§ **Provided material**:
━━━━

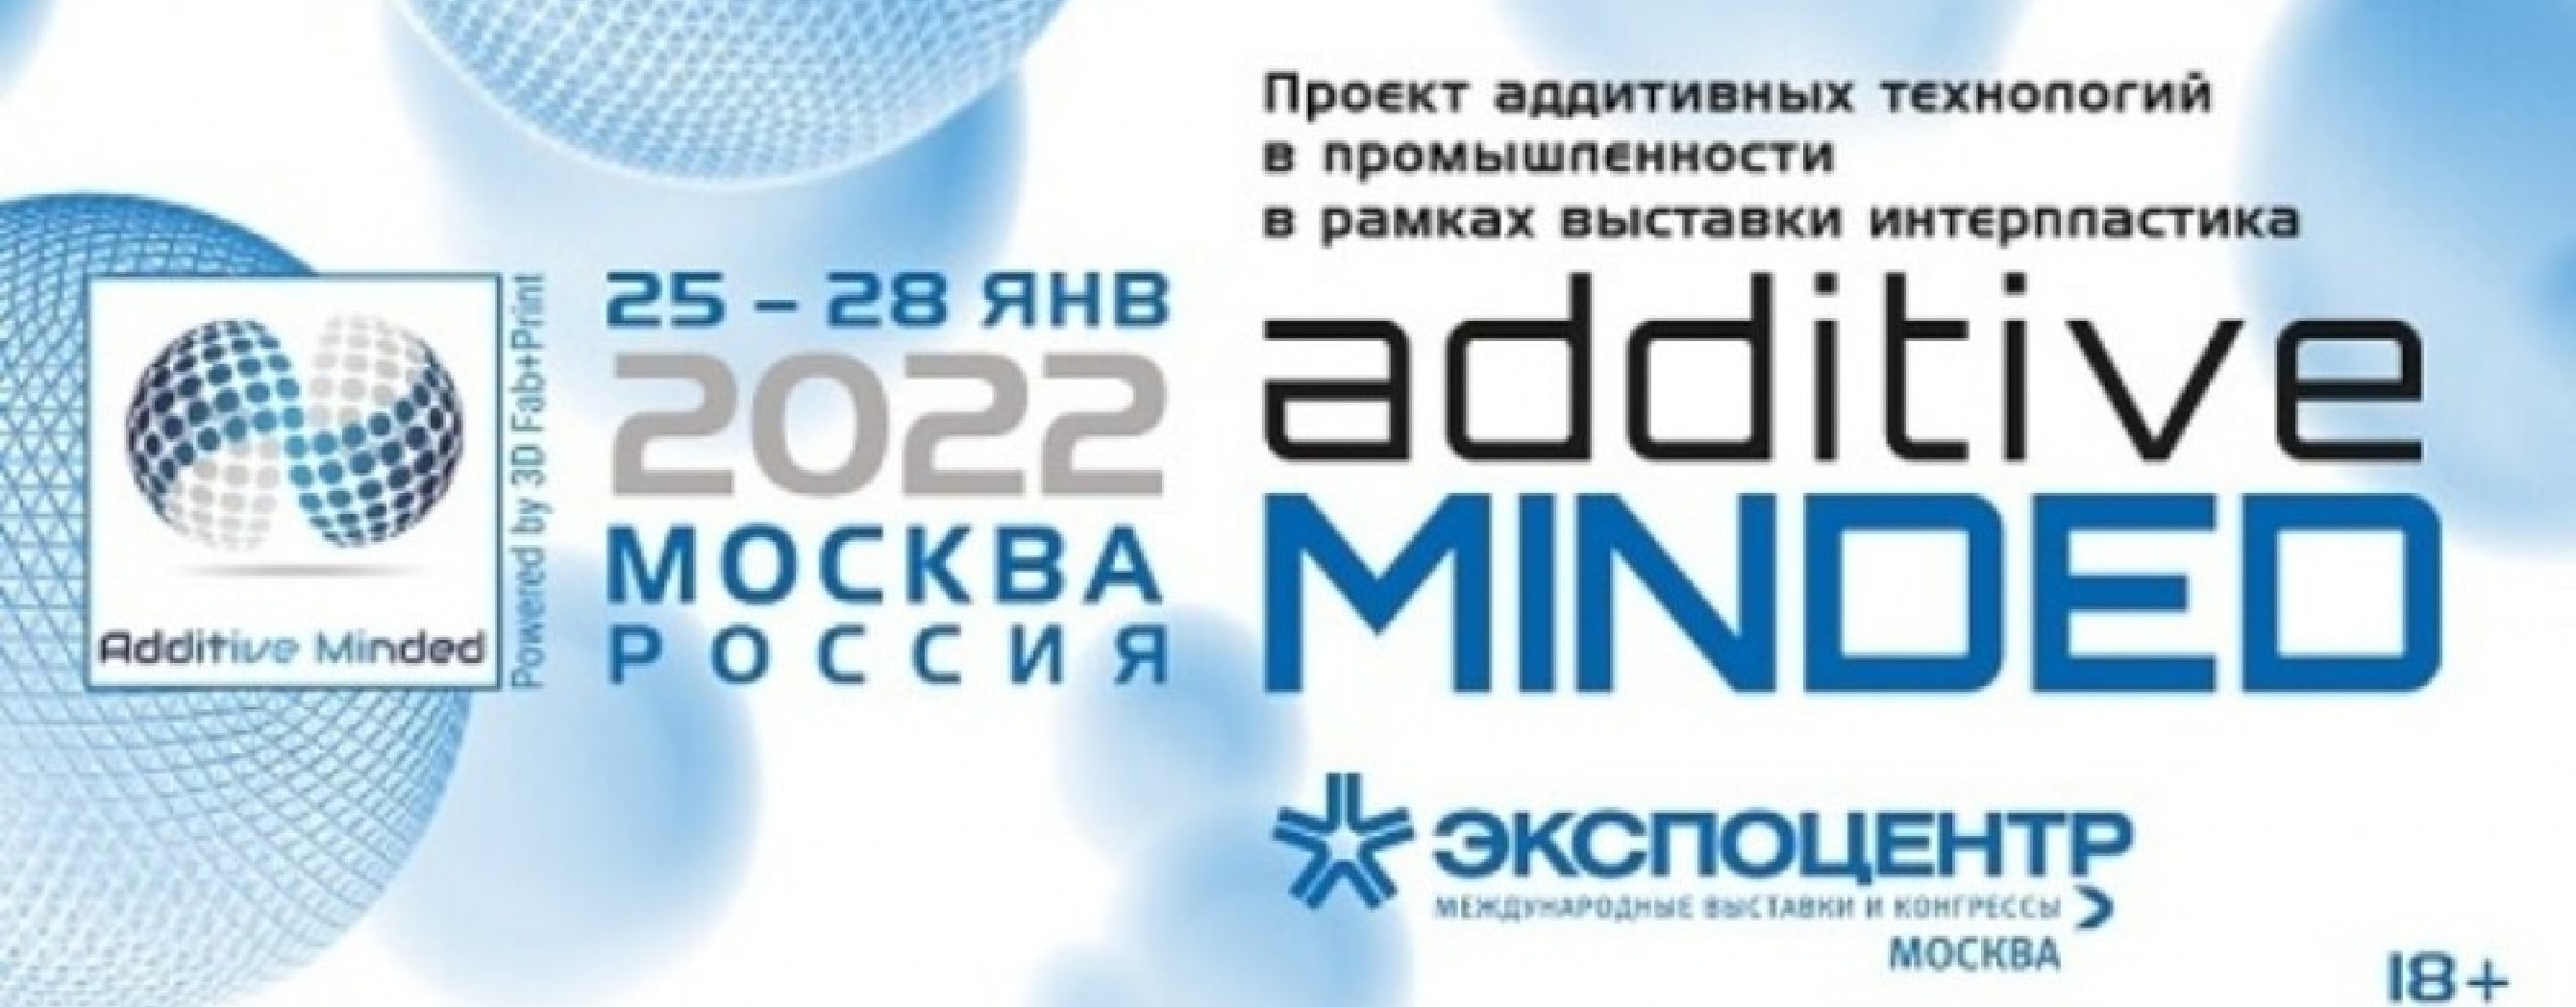 Проект аддитивных технологий «Additive Minded»
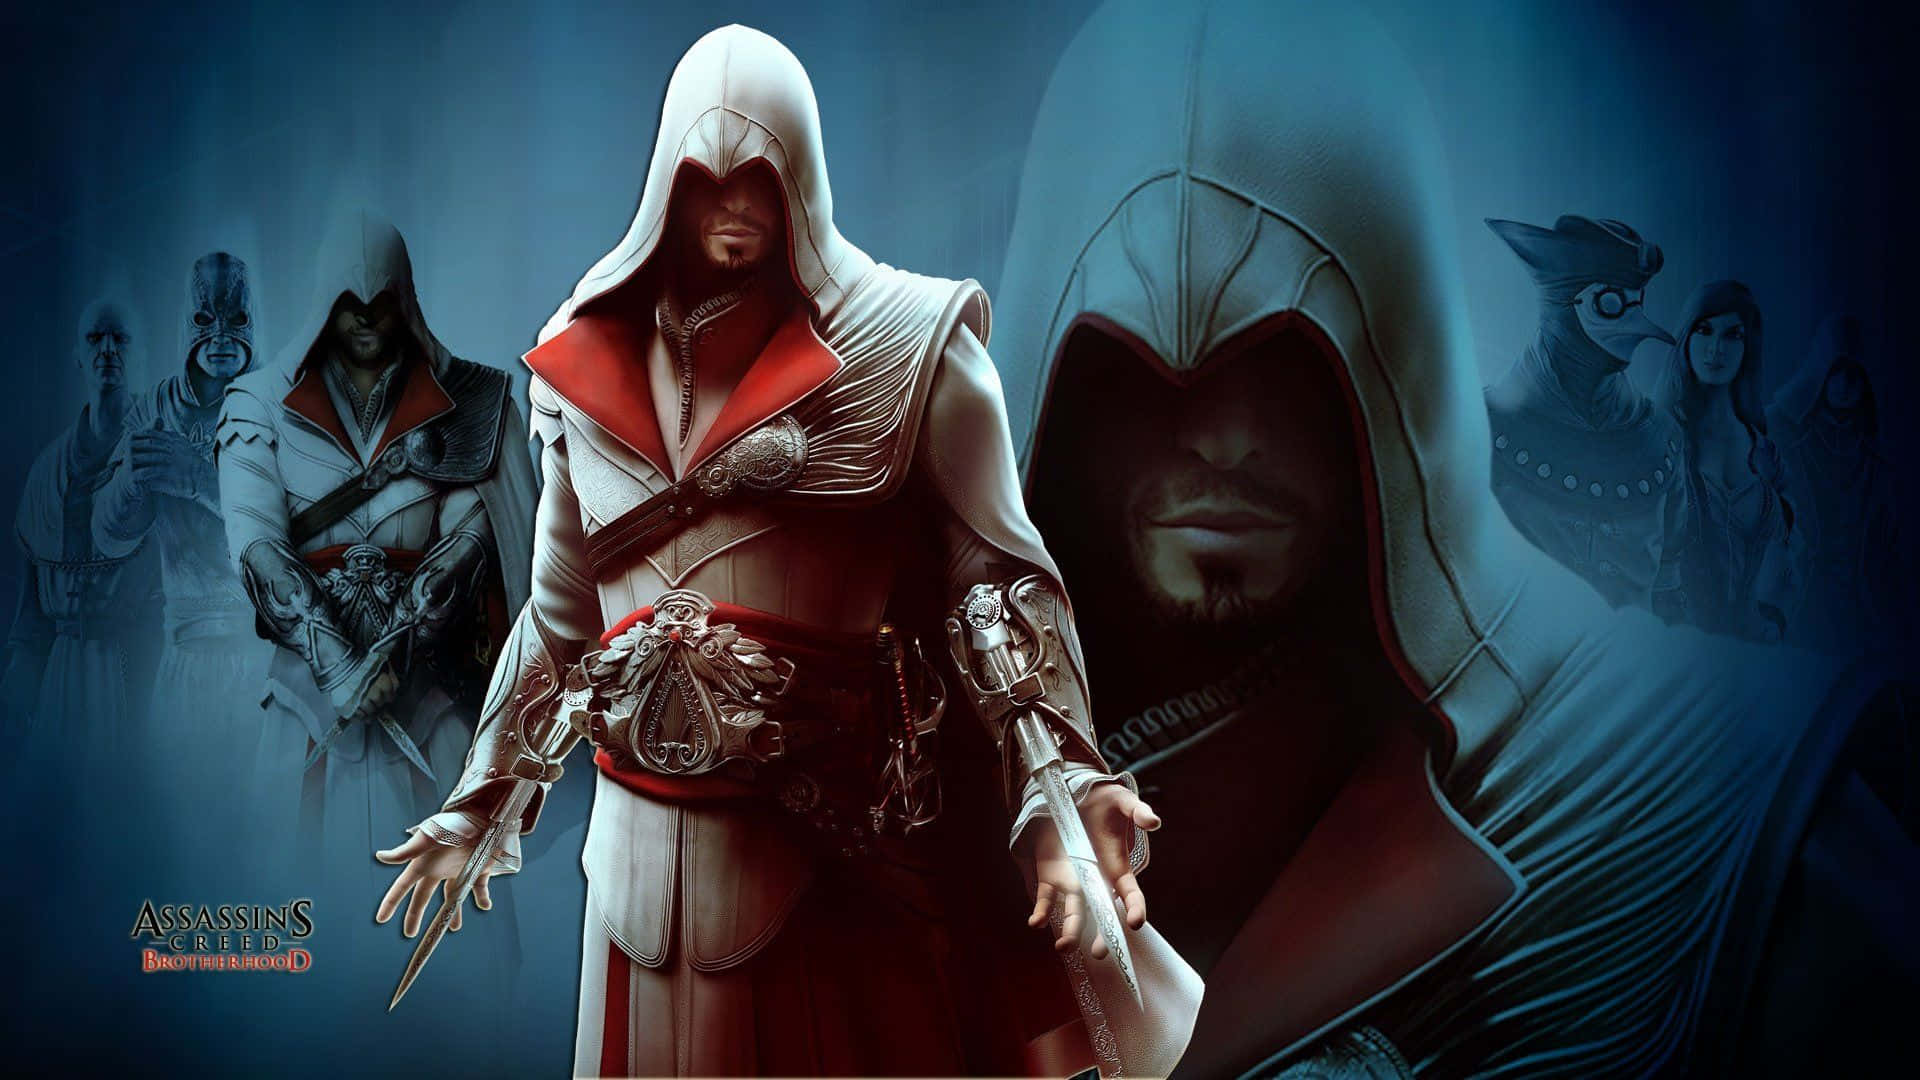 Assassin's Creed Brotherhood - Intense Action Scene Wallpaper
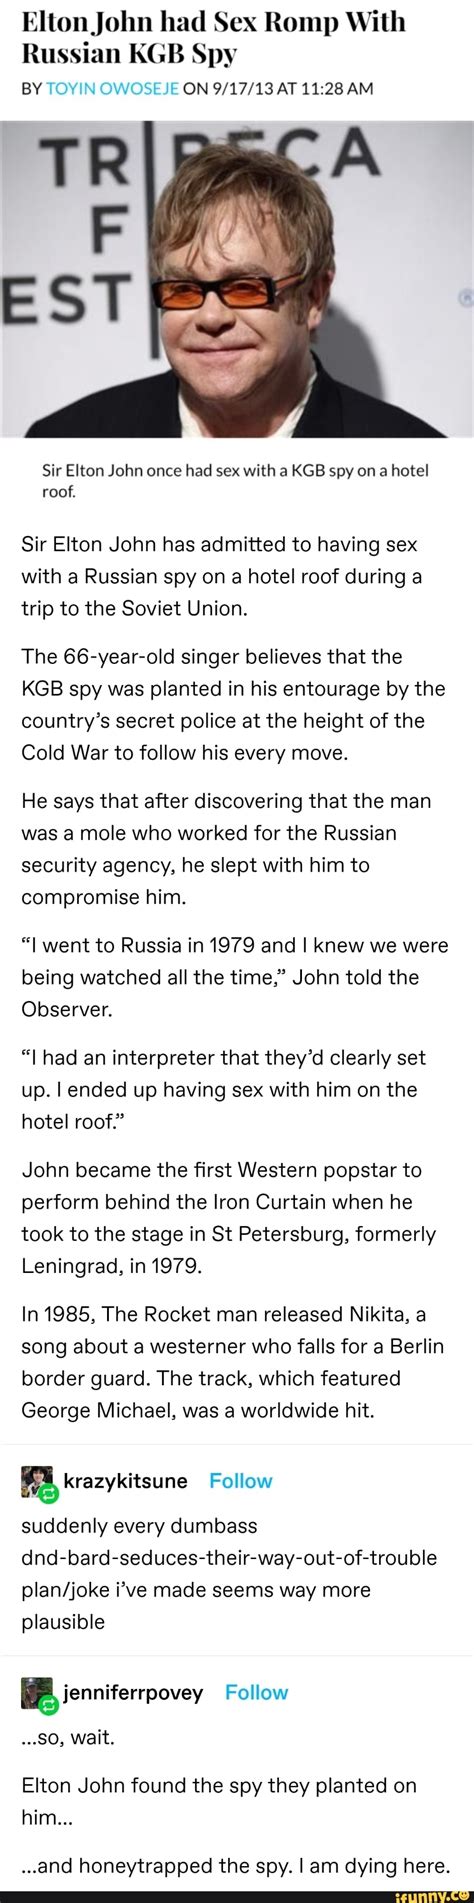 Elton John Had Sex Romp With Russian Kgb Spy By Toyin
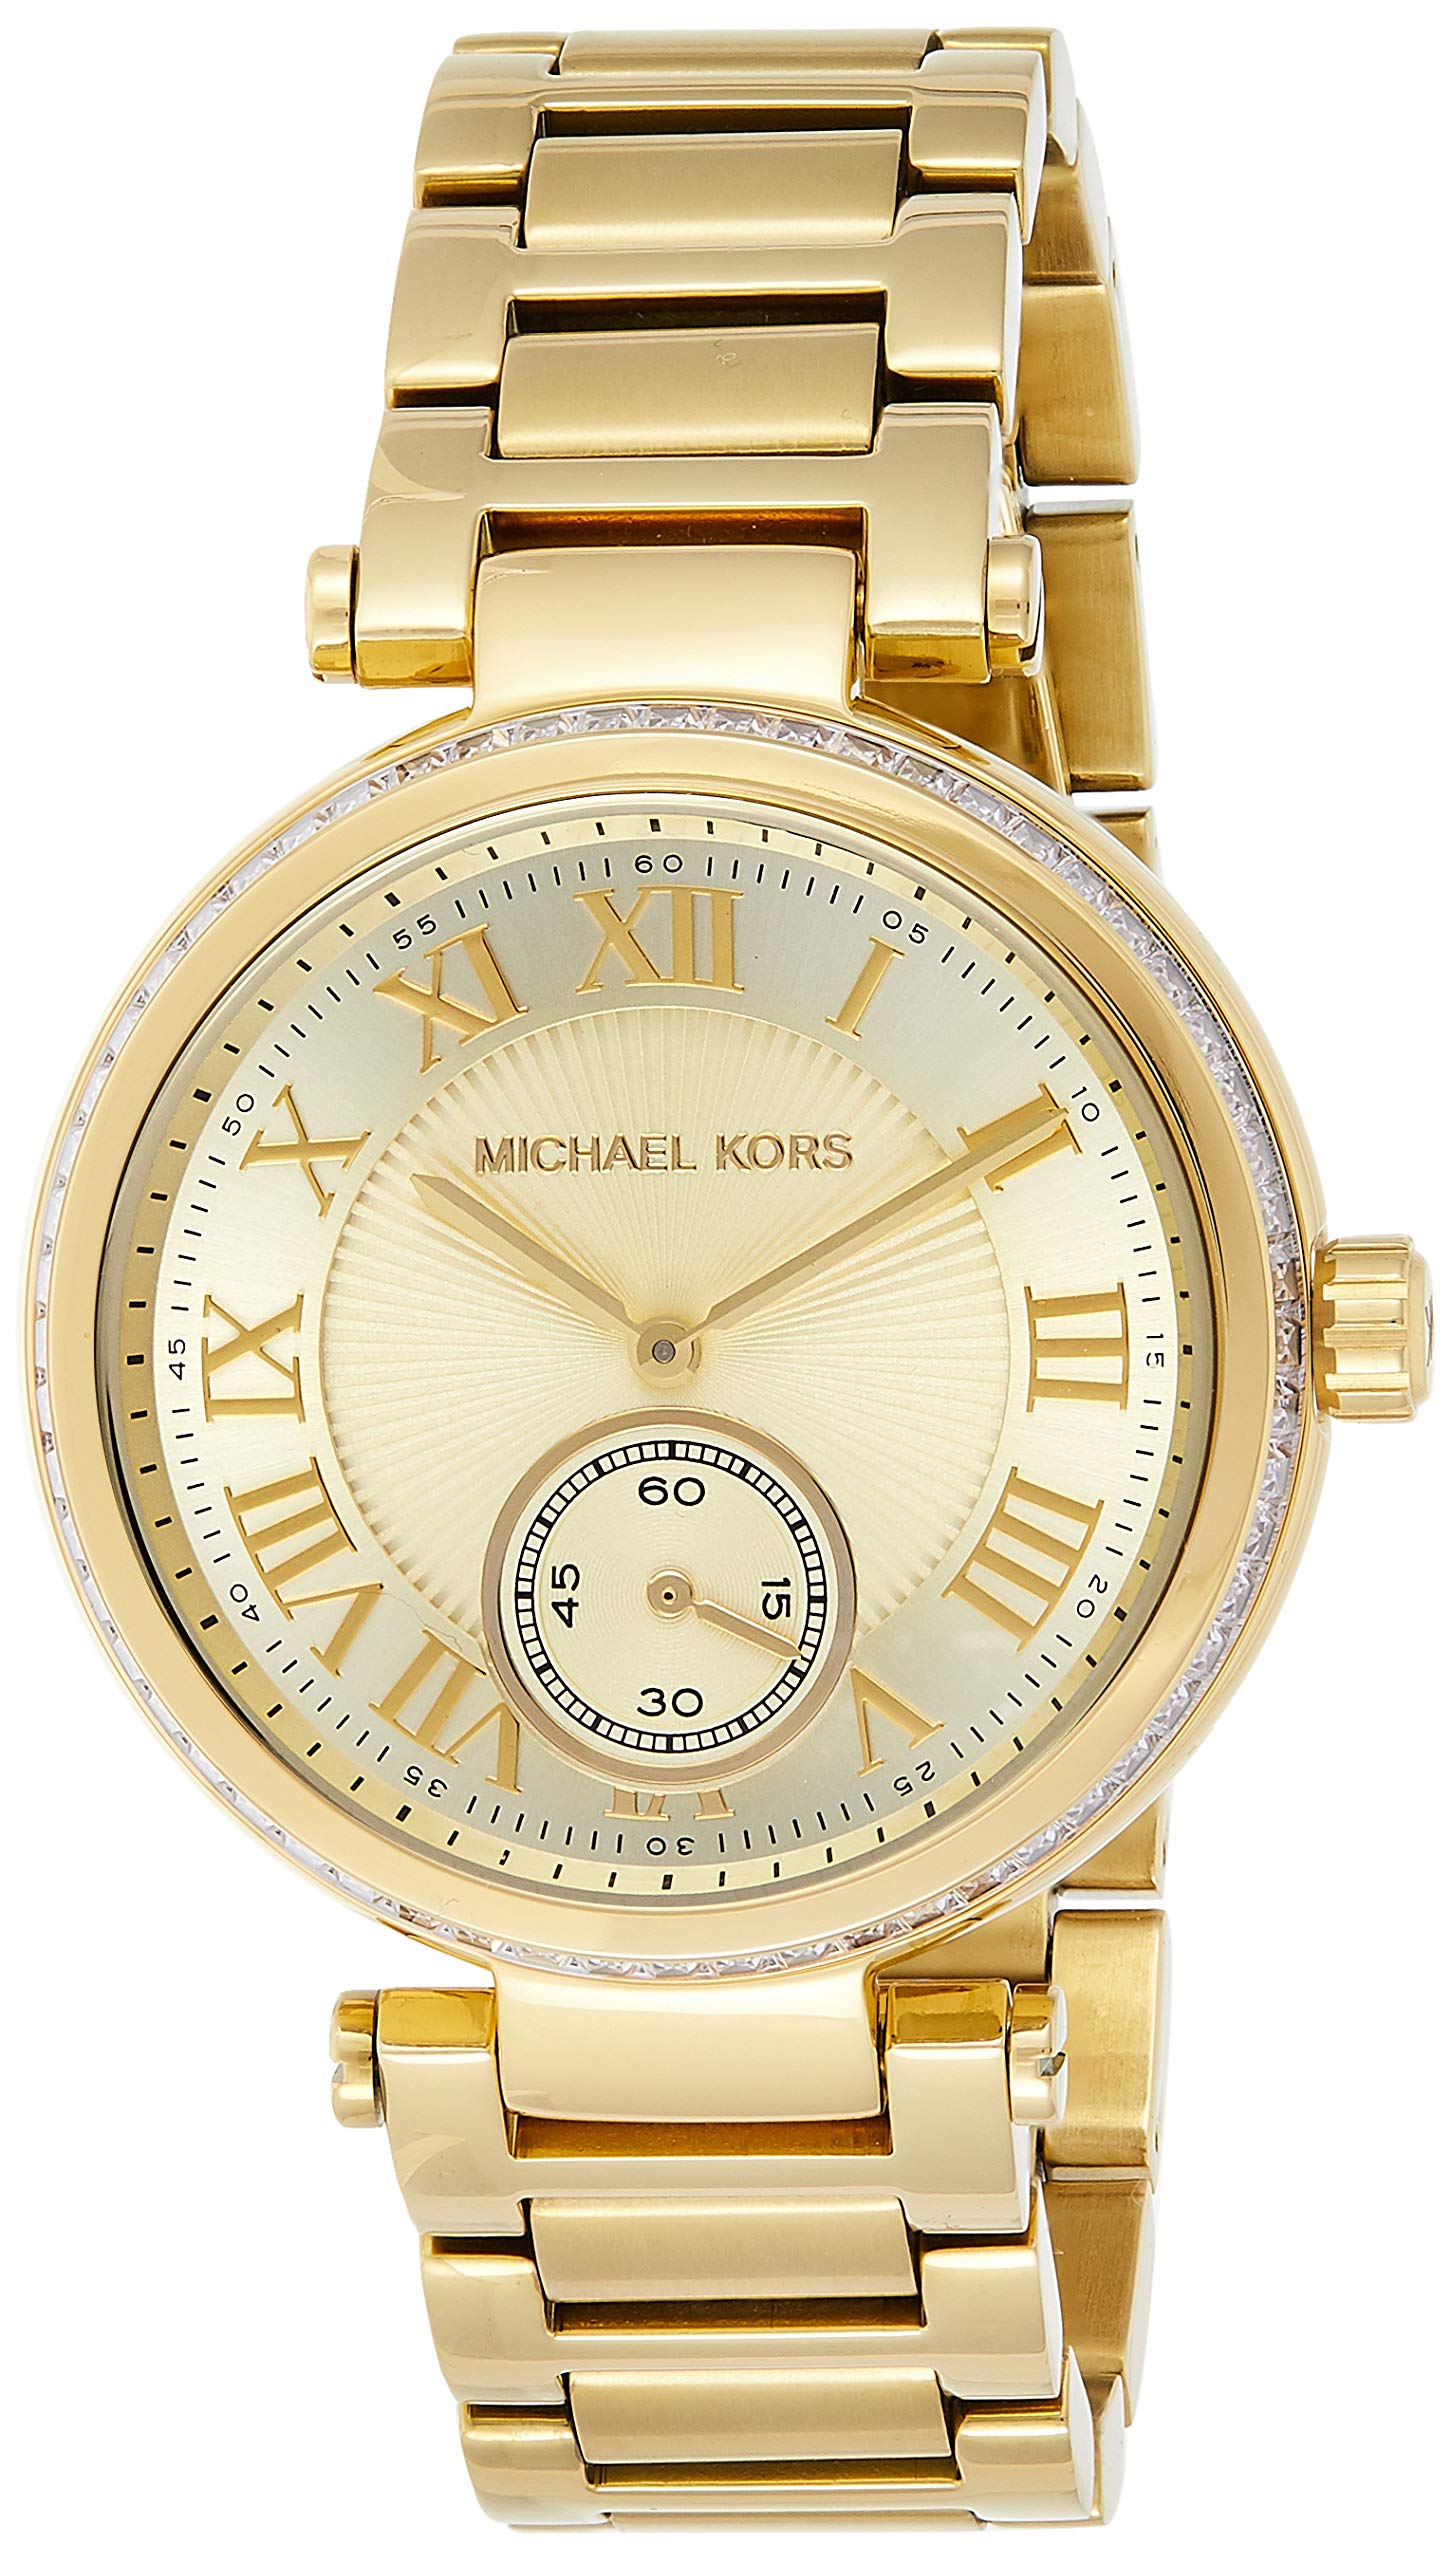 Michael Kors Skylar Gold Dial Gold Steel Strap Watch for Women - MK5867

━━━━

§ **Problem to solve**: A faithful copy is needed of the lines from the one containing "Assassin's Creed Brotherhood" through the last line of the data above, with pictures left out.

§ **Solution**:
 Assassin's Creed Brotherhood - Intense Action Scene Wallpaper
 Elton John Had Sex Romp With Russian Kgb Spy By Toyin
 Michael Kors Skylar Gold Dial Gold Steel Strap Watch for Women - MK5867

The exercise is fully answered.